What this task involves
Restrict the output to the lines below starting at the one that contains "Styled by: attenborough_beauty" and ending at the one that contains "#skincarephotography #productphotography #productphotographer", and restate them word for word, both ends included.

Extracted information
----
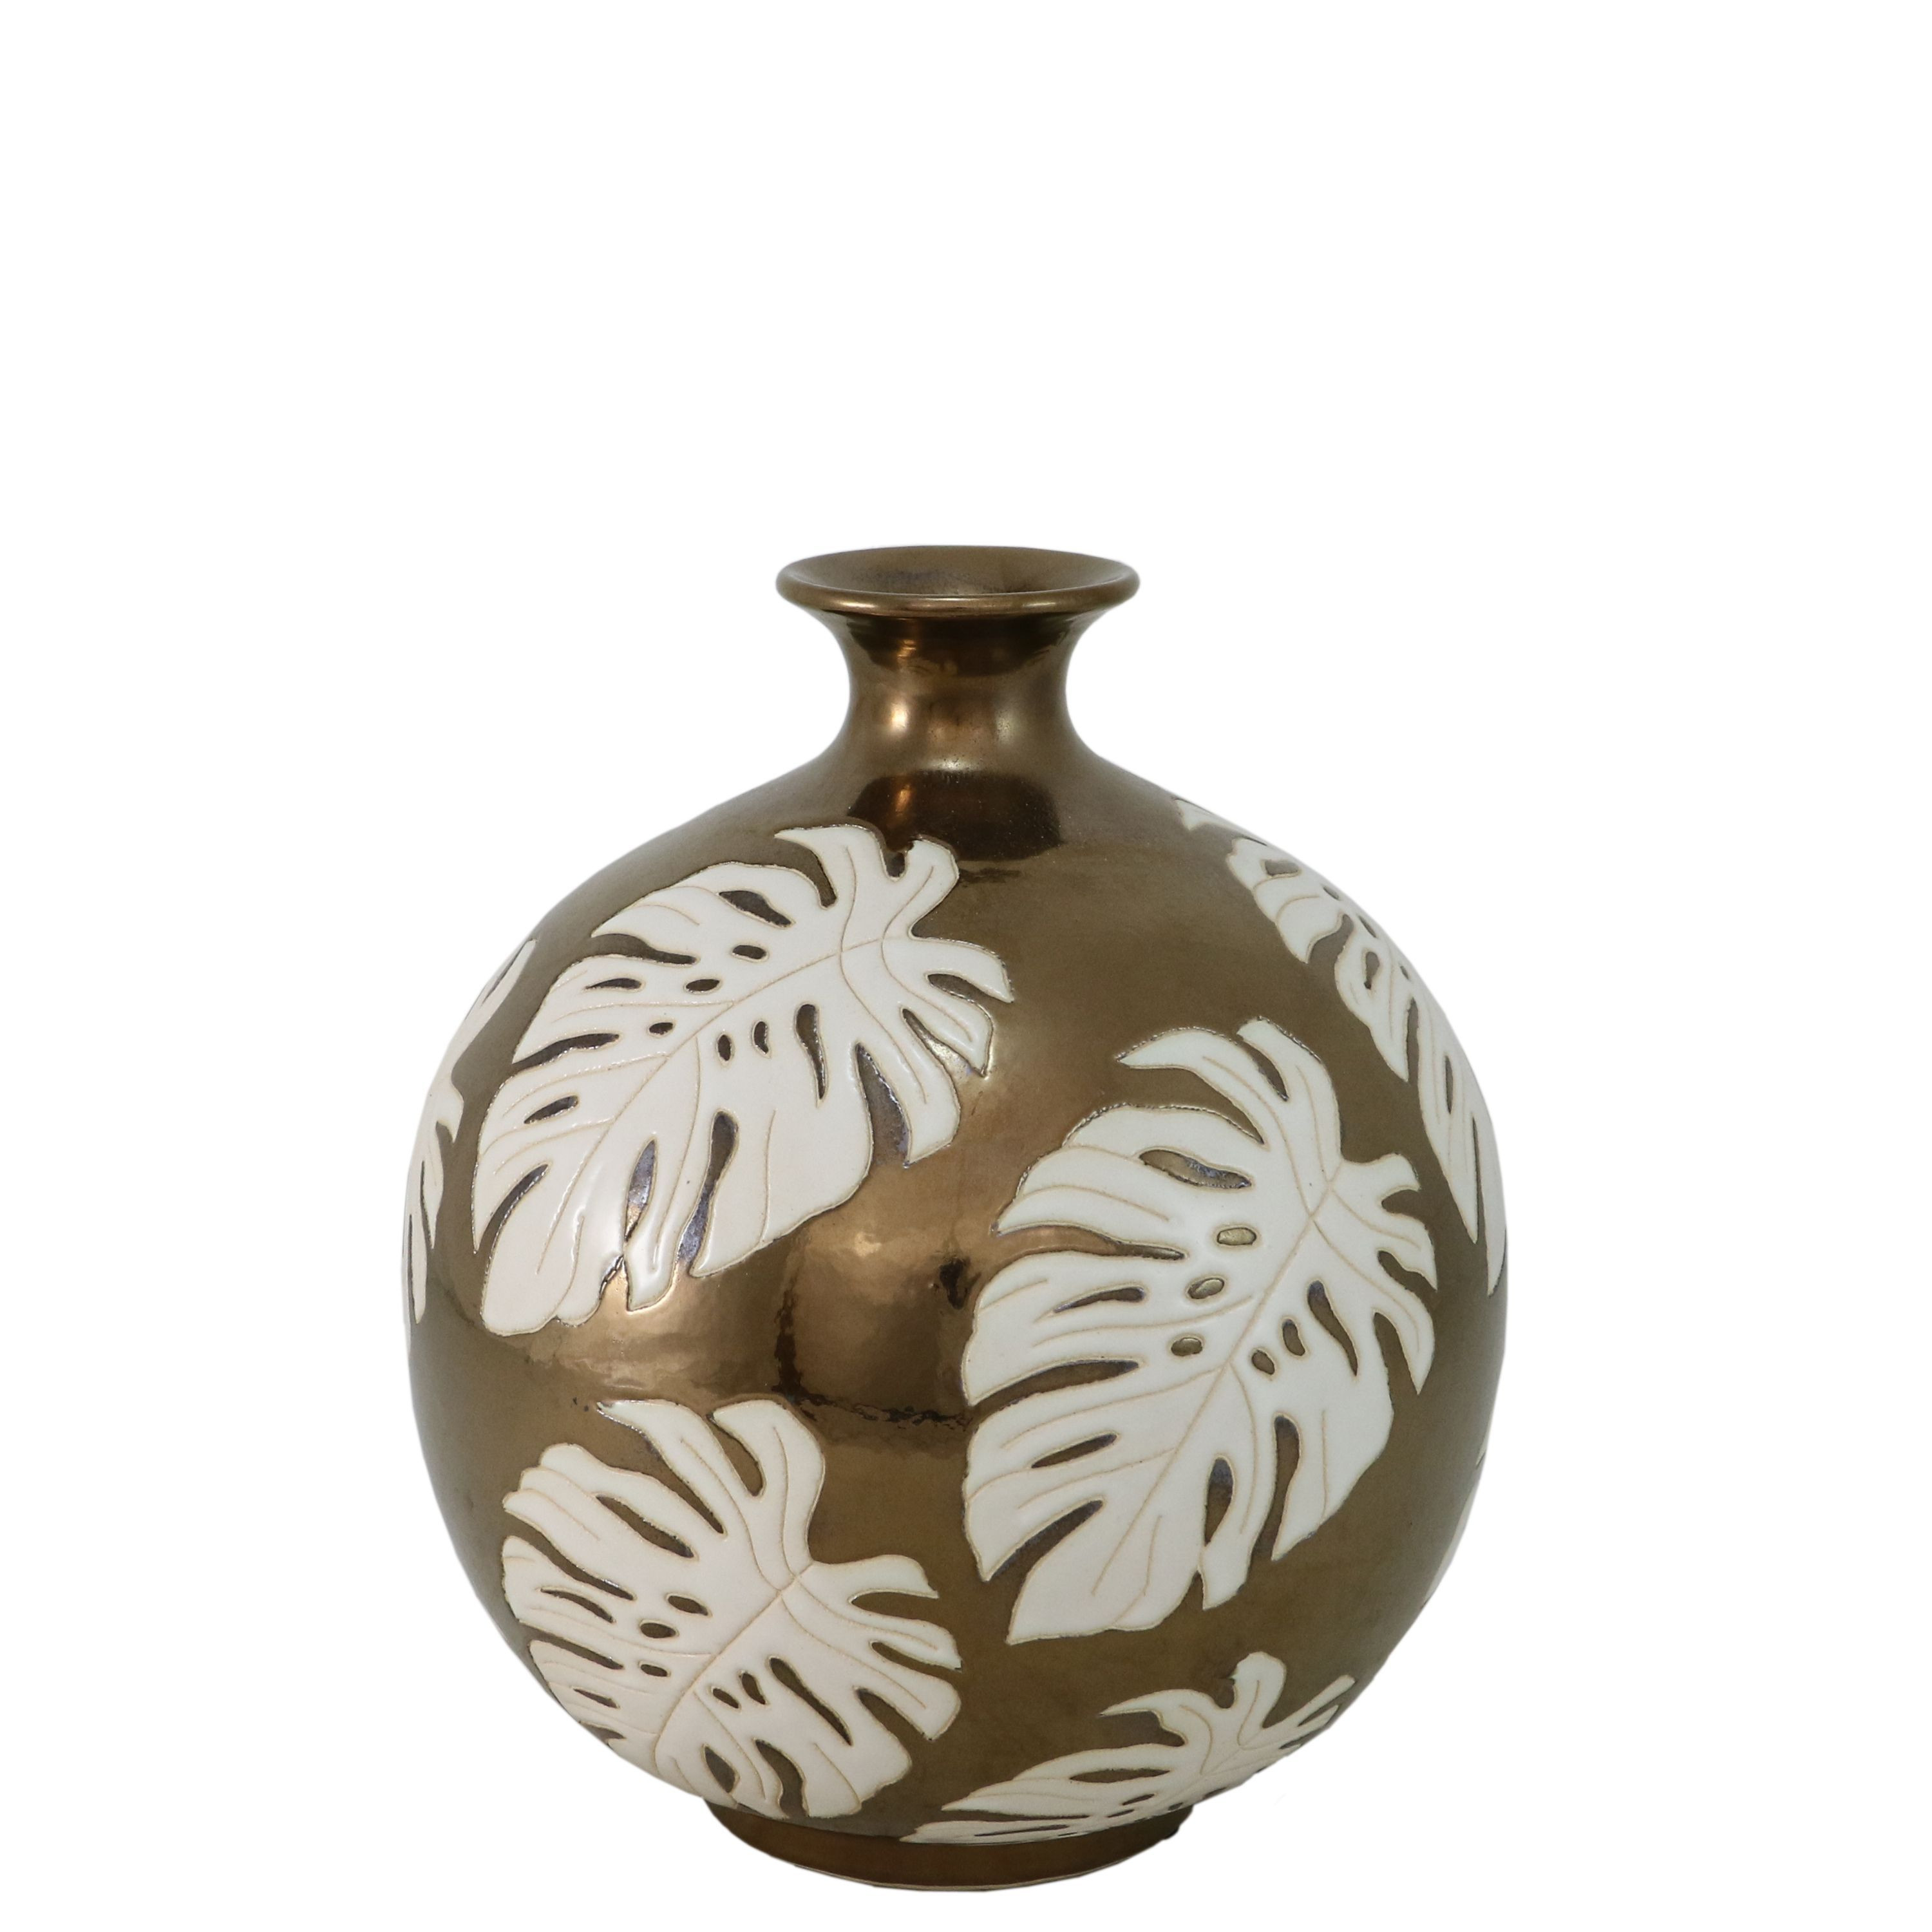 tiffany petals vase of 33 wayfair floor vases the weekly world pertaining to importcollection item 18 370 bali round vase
----
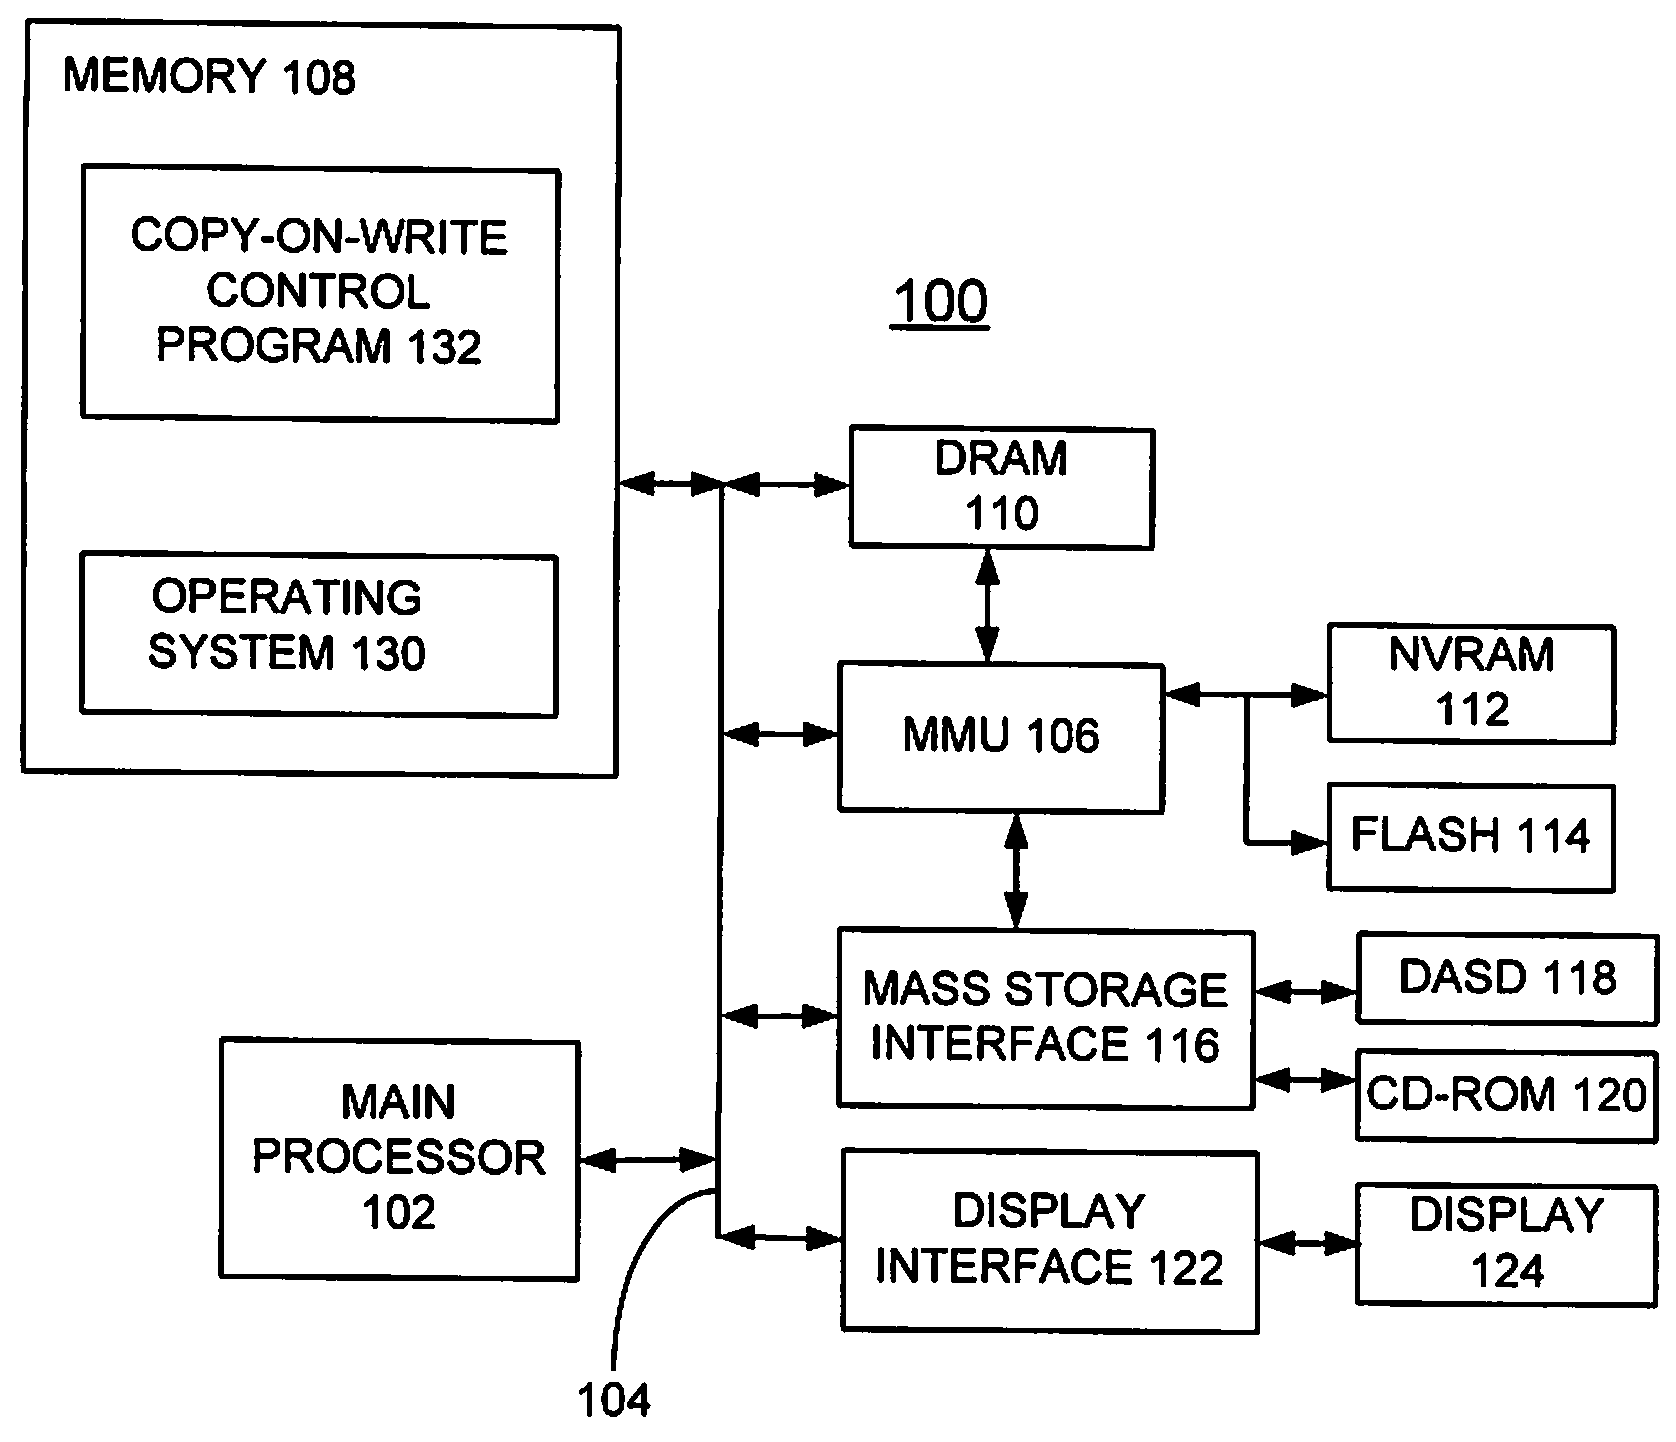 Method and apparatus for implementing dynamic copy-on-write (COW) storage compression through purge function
----
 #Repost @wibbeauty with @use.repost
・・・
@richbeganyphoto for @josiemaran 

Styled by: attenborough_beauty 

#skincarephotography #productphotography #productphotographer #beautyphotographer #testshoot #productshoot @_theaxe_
----
Exercise answer
Styled by: attenborough_beauty 

#skincarephotography #productphotography #productphotographer #beautyphotographer #testshoot #productshoot @_theaxe_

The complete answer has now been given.